If you have been following the stories of MERS (Mortgage Electronic Registration System) involvement in the foreclosure crisis you are well aware of MERS and the robo-signers. Courts have been routinely ruling against MERS and the banks. The banks have dismal record keeping procedures and the courts have ruled in favor of the homeowners.

Let’s examine one possible bank scenario. Bank A makes the loan on a home and secures the loan with a mortgage. Bank A then sells the note and mortgage to bank B, who in turn sells it to bank C, who eventually sells the note and mortgage to an investor. The investor typically could be a pension fund or an insurance company. The actual process might be significantly more complex, but for this instance we will go with the above. MERS may not even be involved. Now, each of these additional transfers of the mortgage is supposed to be recorded by the county recorder. This is where the banks have skirted the law because each recording costs money and recording may even trigger additional taxes.

Next, the homeowner defaults on his payments, and the lender forecloses on the home. The practice has been that bank A, who made the original loan, conducts the foreclosure. The only problem is that bank A is no longer the owner of the note and no longer has legal standing in the case, and consequently has no right to foreclose. Only the owner of the note has that right, and they have tried to remain anonymous. This is the reason judges have been ruling against the banks and against MERS.

The situation may have just come to a head in a case involving U.S. Bancorp and another involving Wells Fargo. Neither of these cases involved MERS. The Massachusetts Supreme Court, in a unanimous decision, ruled that neither Wells Fargo nor U.S. Bancorp have standing and consequently have no right to foreclose because they failed to show that they were holders of the mortgages at the time of foreclosure.

Massachusetts Supreme Court Justice Robert Cordy, in a concurring opinion, blasted the banks for the “utter carelessness” they demonstrated in documenting their right to own the properties.

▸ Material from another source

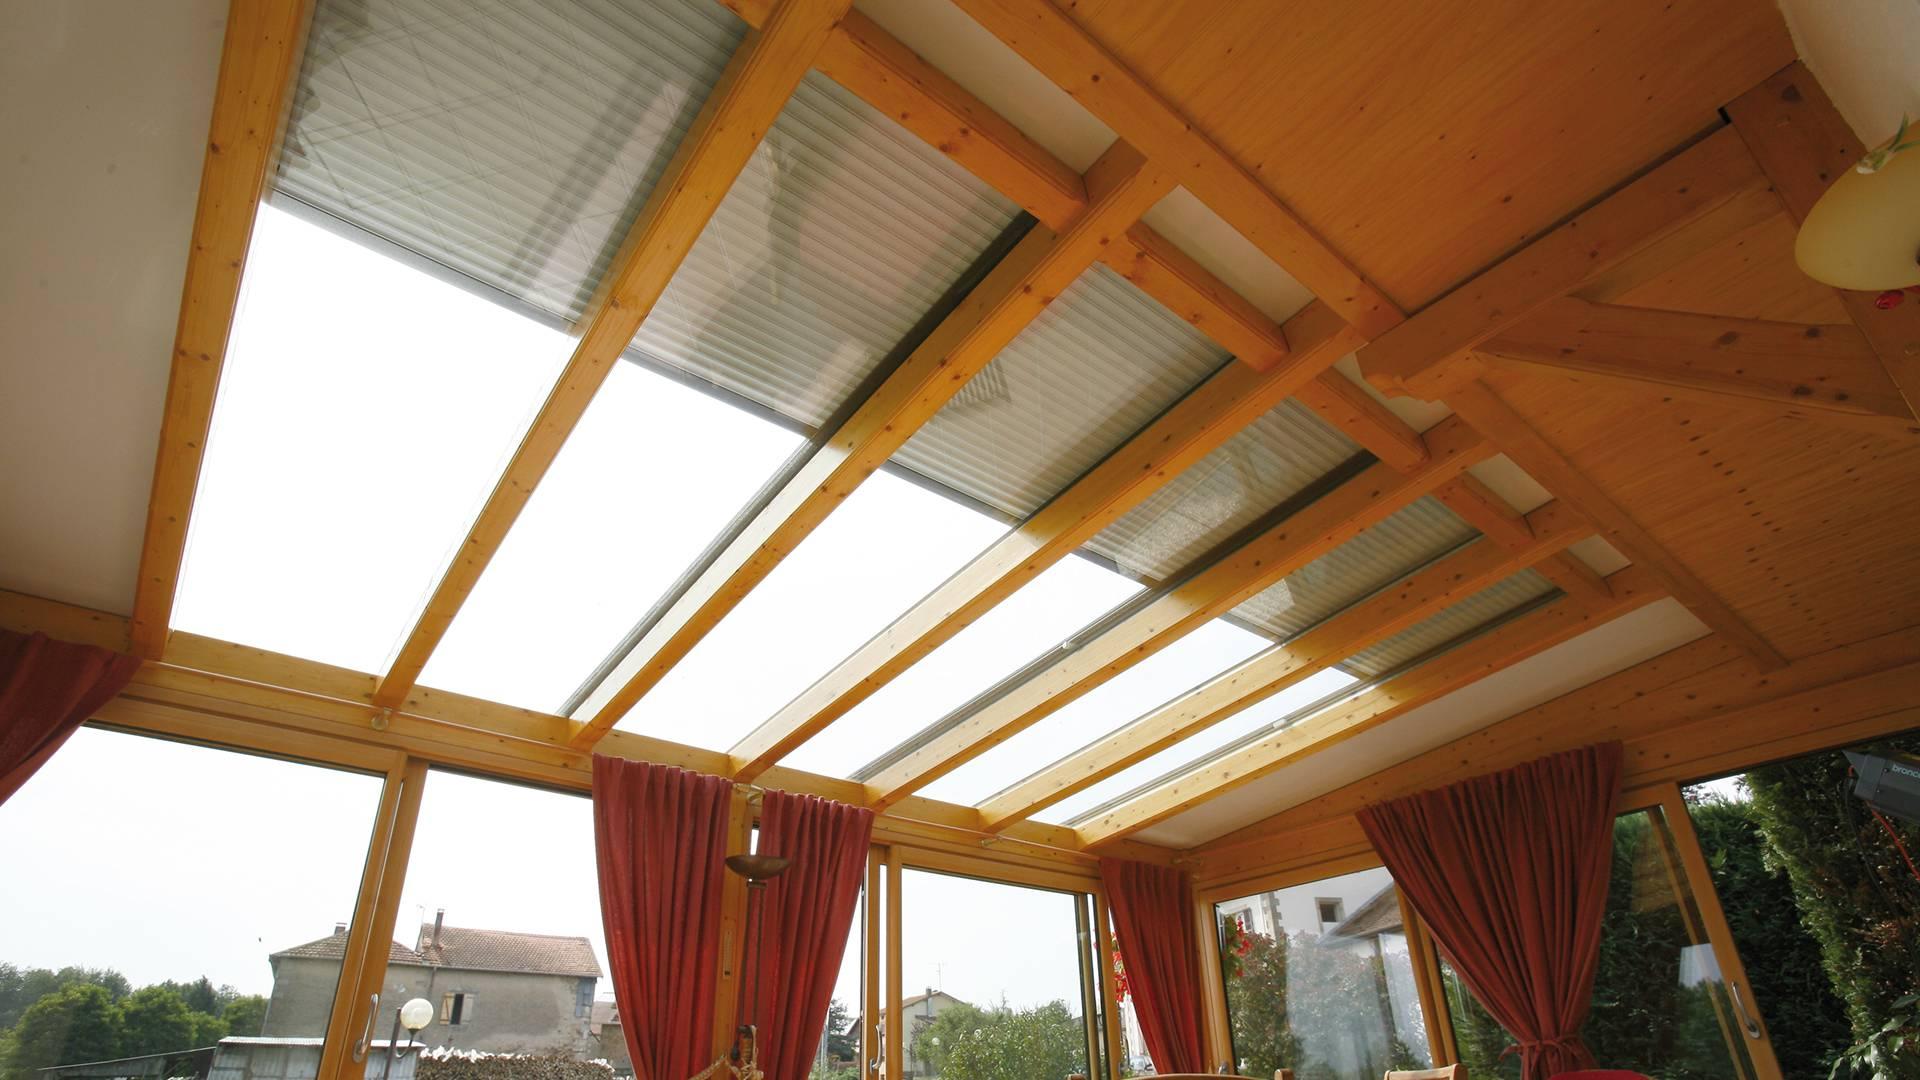 wintergarten rolladen unvergleichlich in qualit t und technik. Black Bedroom Furniture Sets. Home Design Ideas

This ruling is expected to slow down the foreclosures significantly and consequently significantly affect the entire home loan process and market place.

Massachusetts is one of 27 non-judicial foreclosure states. If the banks were playing fast and loose in Massachusetts, what is the likelihood that they would have operated differently in any of the other non-judicial states?

Do we face the prospect of having foreclosures overturned too?